In his Memories of My Youth, Muguruma mentions being shot with a dumdum (expanding) bullet.26 The Chinese were using dumdum bullets, which were expressly prohibited by the Declaration Concerning Expanding Bullets,27 signed at The Hague in 1899. They also, on many occasions, concealed hand grenades in their clothing, which they held onto even after they had laid down their guns. Stragglers often fought back when captured.

Moreover, frontline combatants "did not have the leisure to carefully determine that each enemy soldier who raised his arms in surrender had lost the will to resist, or to accommodate him as a prisoner of war, in accordance with international law,"28 as stated in Eyewitness Accounts of the Battle of Nanking, Vol. 5. It would have been different if only a few soldiers were left behind after an entire enemy force had been routed. But when Chinese troops, desperate to escape, counterattacked, "if we failed to kill the enemy, we were sealing our own fates."

Transport and Medical Units Attacked

Source Material Relating to the Battle of Nanking, Vol. 1 contains the Battle Report prepared by the 3rd Battalion, 68th Infantry Regiment, 3rd Division.
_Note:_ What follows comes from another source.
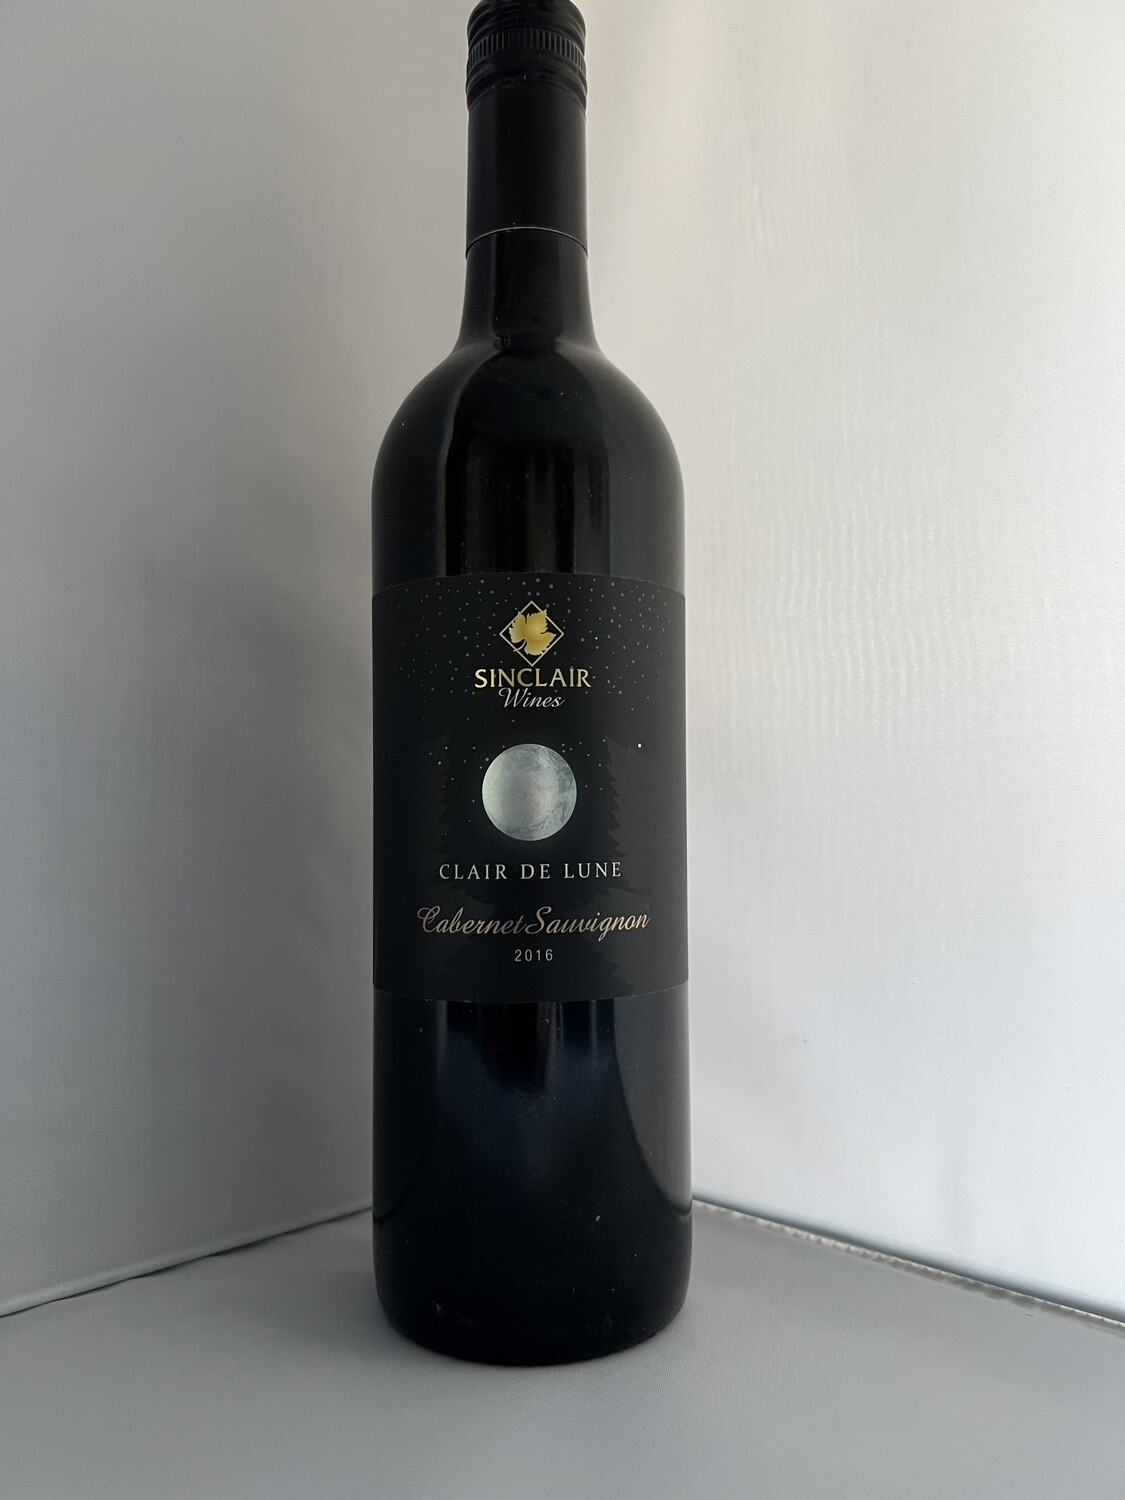 Sinclair Wines, Cabernet Sauvignon 2016

The report states that a second-line transport unit attached to the 68th Infantry Regiment and carrying ammunition, provisions, and fodder departed from Tianwangsi (approximately 50 kilometers southeast of Nanking) on December 11. The unit was scheduled to join the main strength of the regiment.
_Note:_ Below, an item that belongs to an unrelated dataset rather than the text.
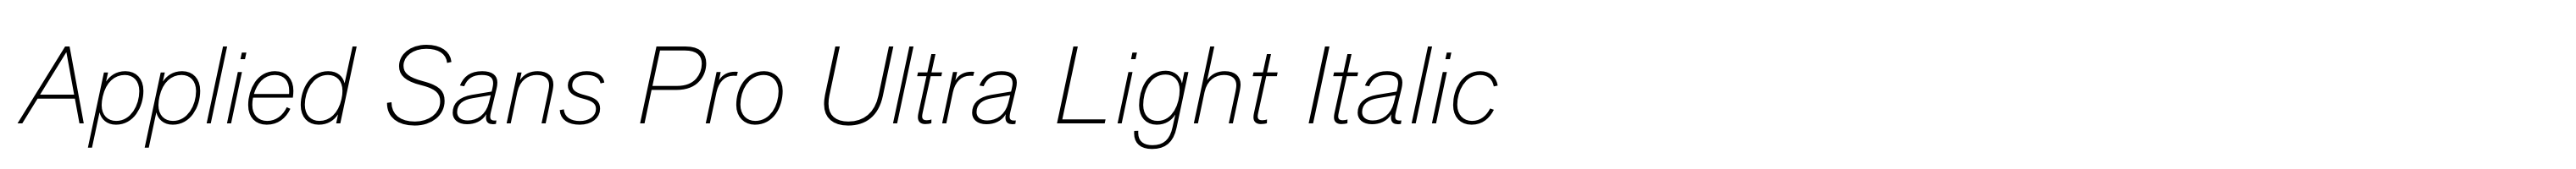 Applied Sans Pro Ultra Light Italic

At 4:20 p.m. on December 14, as the party approached a mountainous area east of Tuqiaozhen (approximately 24 kilometers southeast of Nanking), "about 200 stragglers came out of a pine forest on the left side of the road, and attacked us."29 This was an ambush.

The clever enemy had persuaded some Chinese farmers to put on the armbands that Japanese soldiers wore, and to approach us. Their main force hid in the forest, and when we made contact with the farmers, used that as their signal to attack the unit from a location 50 meters ahead of us. At that point, the head of the transport unit deployed members of the party who were carrying rifles to both sides of the road, and instructed them to attack.30

The transport unit was carrying a full load of weapons, ammunition, provisions, and fodder. Moreover, not being a combat unit, it was at a distinct disadvantage. The Chinese often attacked transport units, but this time they "persuaded farmers to don armbands with a picture of the rising sun on them,"31 and to approach the Japanese unit.

It is a violation of international law for civilians to engage in combat. Fortunately, the Japanese routed the Chinese after a battle that lasted approximately one hour. Still, the following warning was added to the Battle Report, "for future reference."

Since large numbers of stragglers remain in territory we have occupied, we urge all units incapable of defending themselves to proceed with the utmost caution.32

Those who have claimed that stragglers presented no danger would be wise to revise their views.

Major Yamazaki Masao wrote in his war journal that at 3:00 p.m. on December 15, "more than a hundred"33 enemy soldiers attacked a party that included the Assistant G-4 (Ordnance Department, 3rd Division), the principal medical officer, and the principal veterinary officer. According to the war journal kept by Iinuma Mamoru, the party's fate was unknown for a time,34 but later, word was received that it was safe. That safety had not been achieved, however, without the loss of several Japanese lives.

On December 16, Sasaki's unit made a sweep of stragglers on the north side of Zijinshan. Not until then did the Battle of Nanking finally end.